John
---** In contrast to the existing proposal (10.7), the communicator is NOT cached in the file handle. Instead, it is required in collective I/O calls as a demarcation.
This seems awkward. I would expect the common cases to be: 1) accessing a file from all the nodes that opened it; and 2) accessing a file from only one node. The second case is easily done in both the current version of MPI-IO and in this plan. However the first case in this plan requires the program to pass around both the file handle and the communicator. In general, it seems like allowing communicators to differ between the open call and subesequent operations on the same file creates a bunch of little implementation headaches, so I'd like to have a better idea of the real benefit.
MPI_FLAYOUT(fh, etype, filetype, count, info) IN fh File handle IN etype Elementary datatype IN filetype Filetype to use from current fh position IN count number of "Filetype" units from which new layout is valid IN info MPI_INFO structure for access pattern, etc.
** In contrast to the existing proposal (10.7), MPI_FLAYOUT is lightweight and incremental. It is a heads-up to the implementation that "any read/write/seek operations I perform from the beginning of this layout through the given count will be of type {etype, filetype}".
Assuming you've written a file using a series of layouts, is it possible to seek back to byte 0 of the file (e.g., to look at some header information) without remembering and individually unsetting (i.e, setting with negative counts) each of the layouts that got you where you are?

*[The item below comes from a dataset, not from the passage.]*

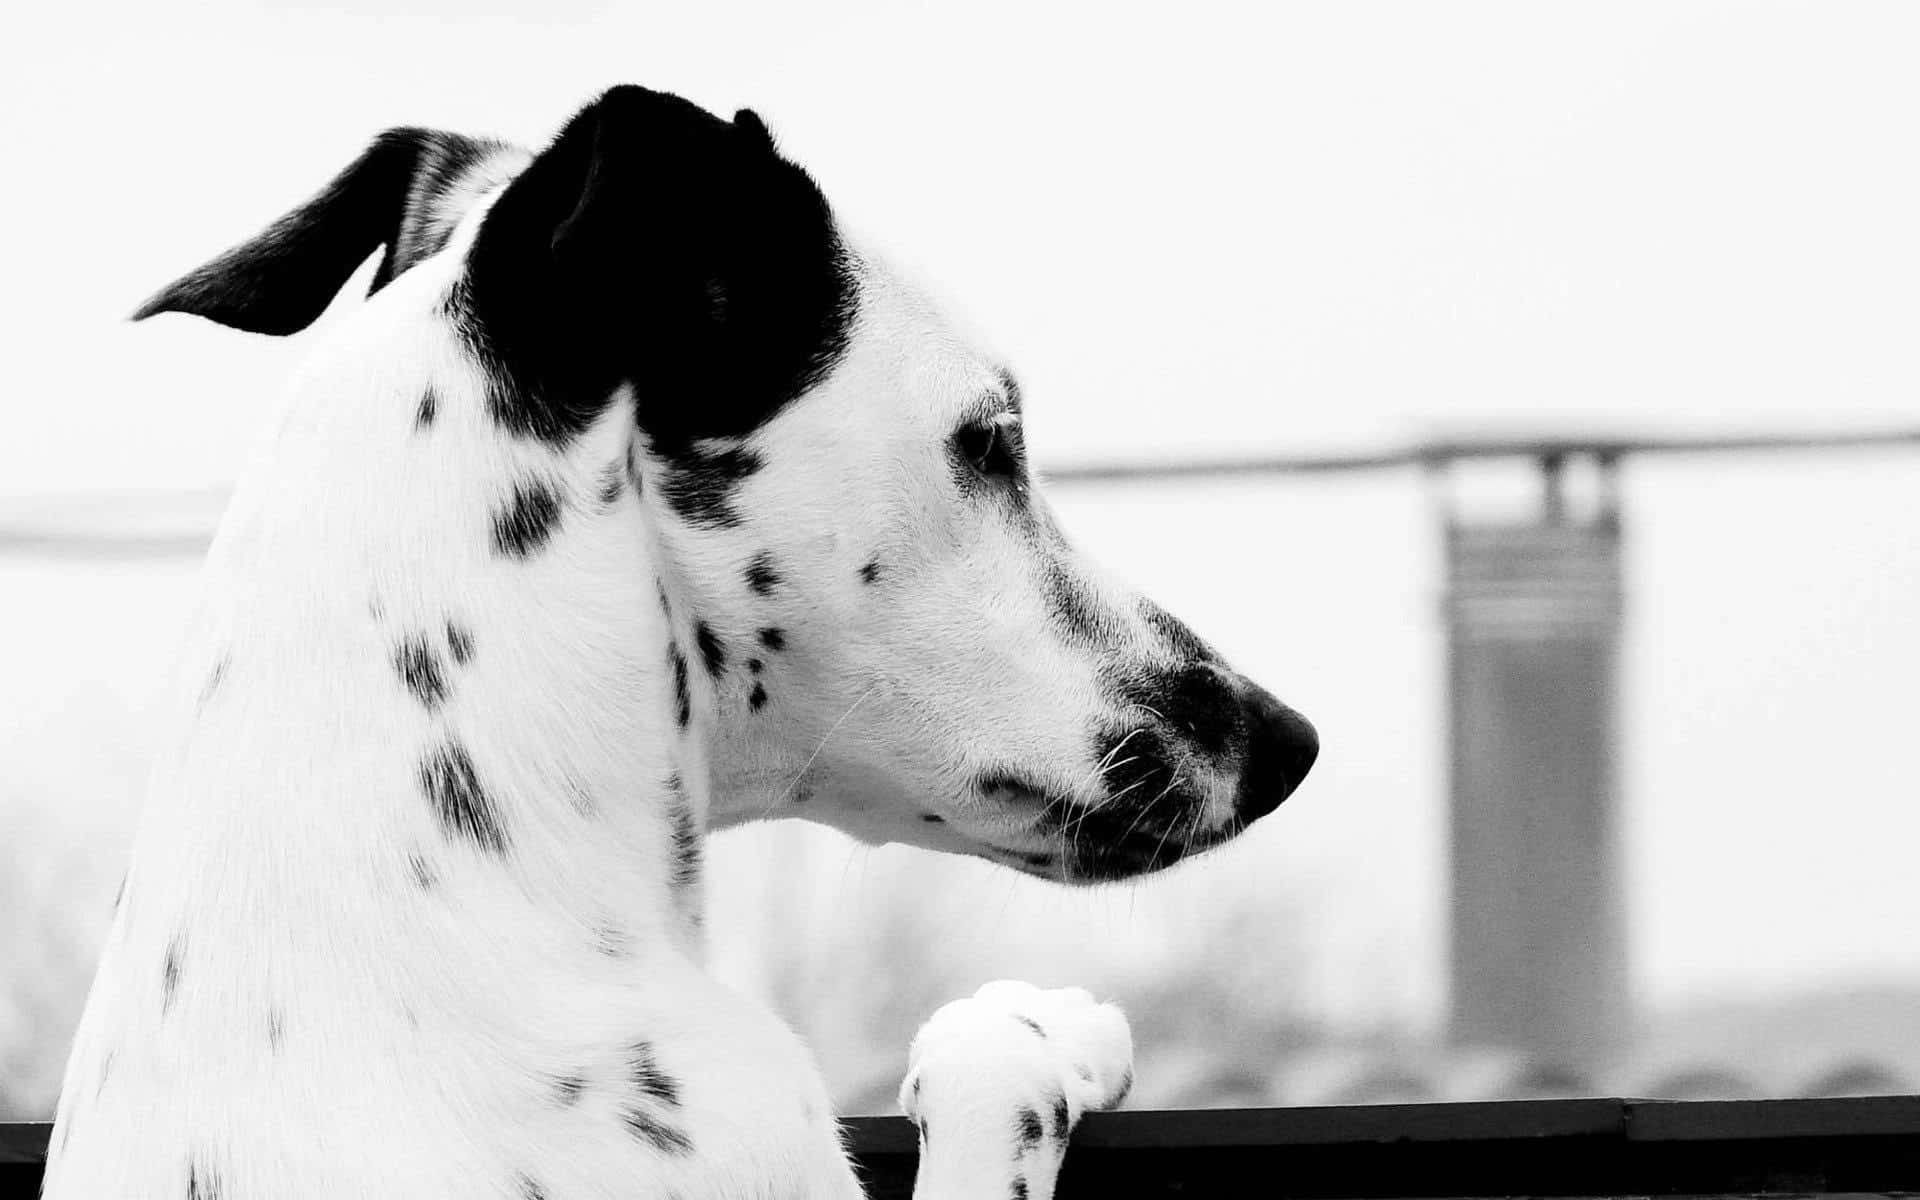 A close-up of a Dalmatian dog with black, white and brown spots.

** a count < 0 means backwards from the current layout. count > 0 means from the current layout. count == 0 means infinite; i.e., this file is homogeneous
Does count == 0 imply that the whole file is homogeneous, or only the rest of the file from the point where the current layout is declared?
** initially (on open), a file has no layout but etype and filetype == MPI_BYTE. The user's view is by default
|BBBBBBBBBBBBBBBBBBBBBBBBBB ... | (B == MPI_BYTE) ^ ^ fh EOF
Suppose that MPI_FOPEN is immediately followed by
MPI_FLAYOUT(fh, MPI_INTEGER, MPI_INTEGER, 2, whatever)
on some node. The view on that node is now:
|IIBBBBBBBBBBBBBBBB ... | (I == MPI_INTEGER) ^ ^ fh EOF
If two different nodes declare different layouts for the same file segment (e.g., the first 8 bytes) then future results are undefined, with no error if the user is in reckless mode.
A minor quibble: MPI-IO has has some convenience functions that define interleaving-but-not-overlapping file types for a group of nodes that want to take turns accessing a file. Each node gets a filetype that contains holes corresponding to data that other nodes access. The filetypes are different, but they could be considered to cover the same segment of the file. It's even possible that nodes would want to define overlapping types, which they could use to read regions with ghost cells. Layouts should be defined to allow this behavior, even if atomicity isn't guaranteed for overlapping writes in reckless mode.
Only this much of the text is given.